§ Task to complete:
The lines below starting at the line containing "v3 черные оригинальные" and ending at the line containing "Зарядное устройство для" are to be repeated exactly, with both ends kept and nothing else added.

§ Information supplied:
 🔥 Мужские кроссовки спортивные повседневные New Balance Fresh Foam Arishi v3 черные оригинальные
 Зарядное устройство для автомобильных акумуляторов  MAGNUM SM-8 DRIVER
--
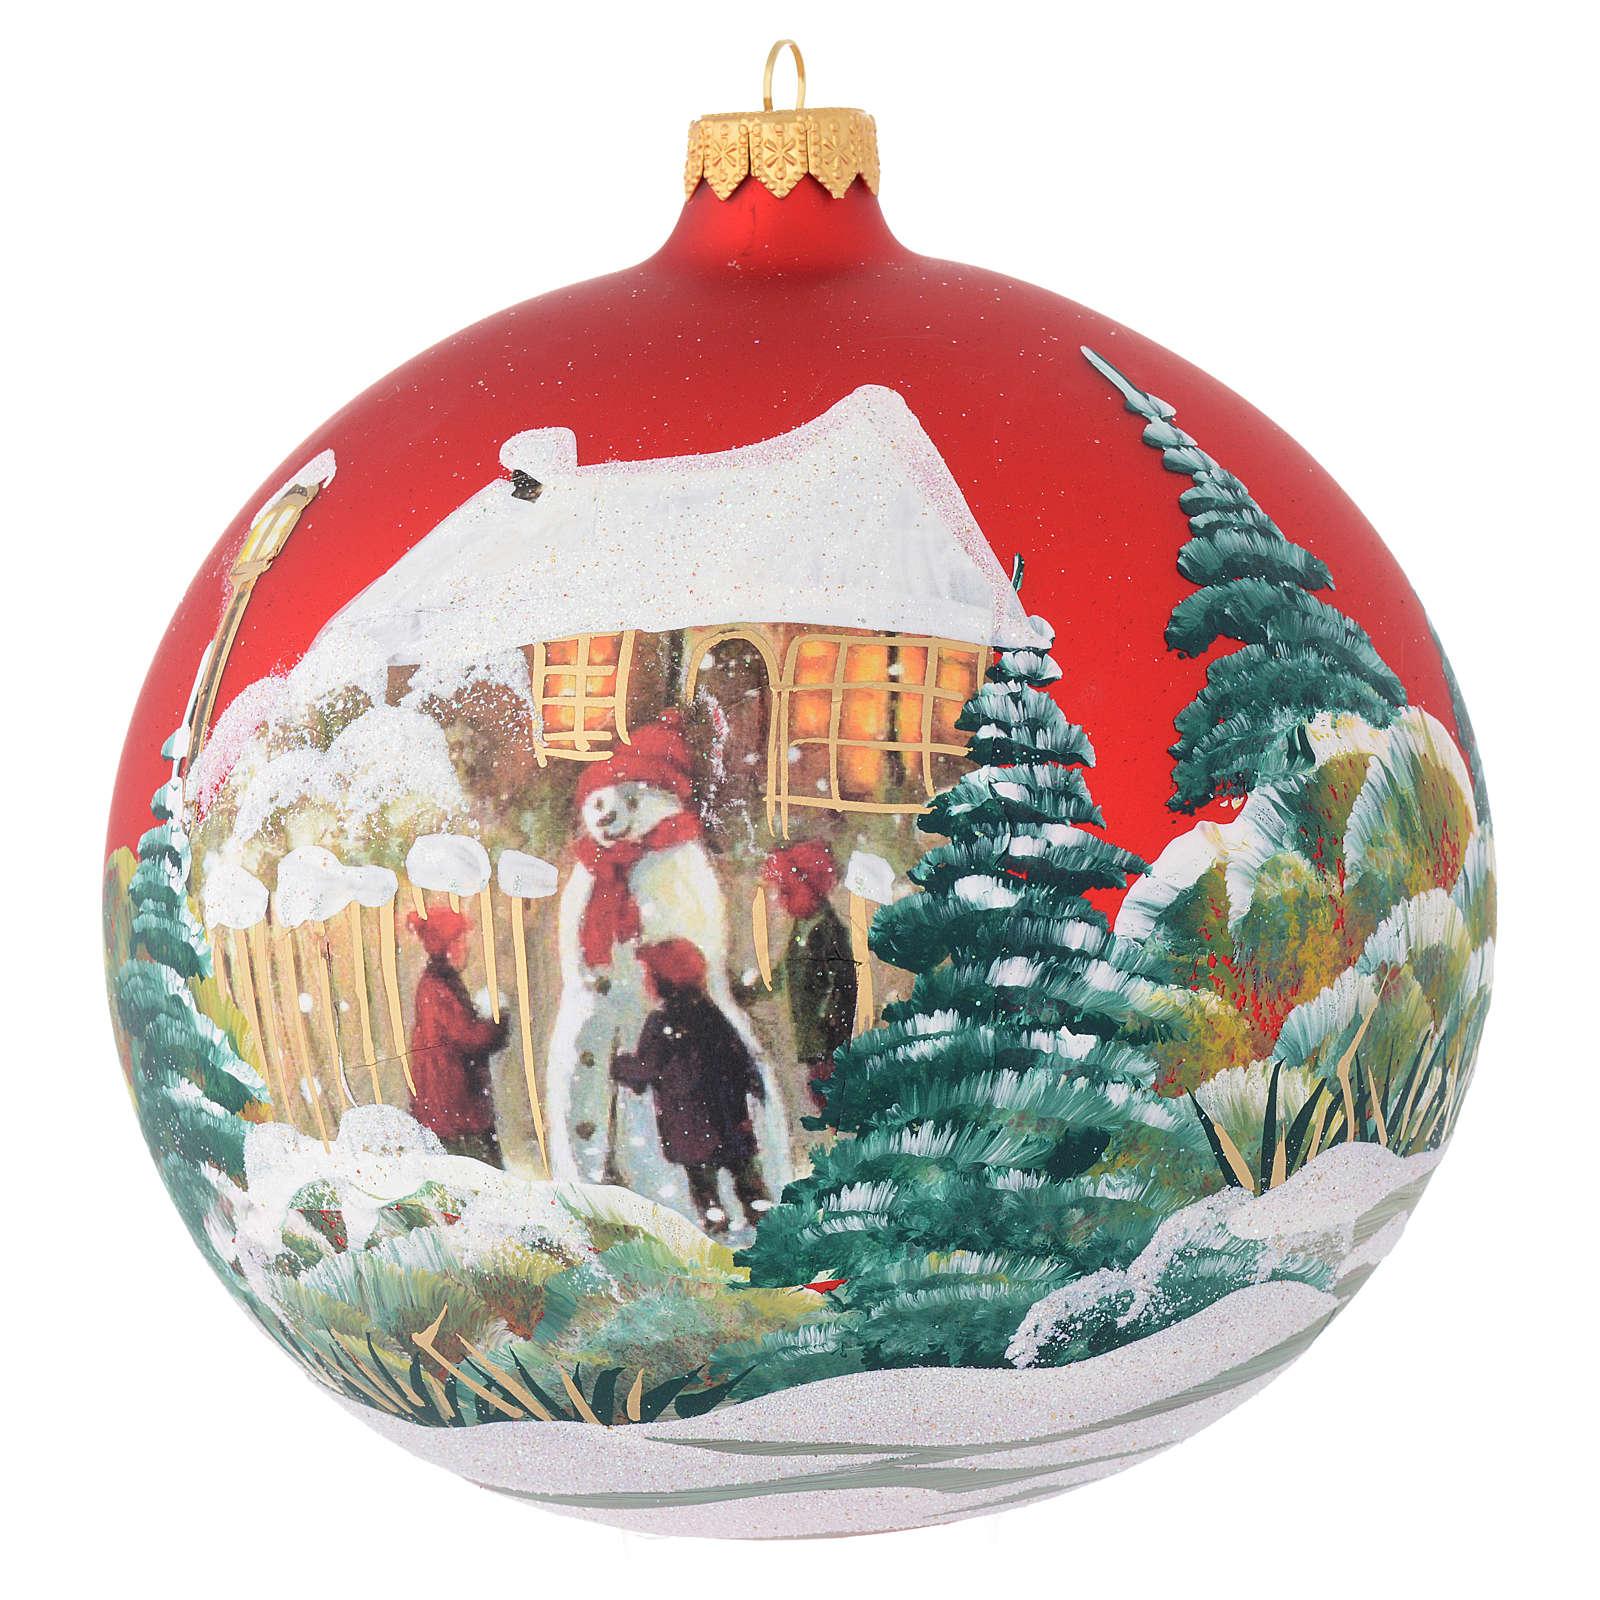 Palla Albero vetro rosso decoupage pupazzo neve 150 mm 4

§ Completed task:
 🔥 Мужские кроссовки спортивные повседневные New Balance Fresh Foam Arishi v3 черные оригинальные
 Зарядное устройство для автомобильных акумуляторов  MAGNUM SM-8 DRIVER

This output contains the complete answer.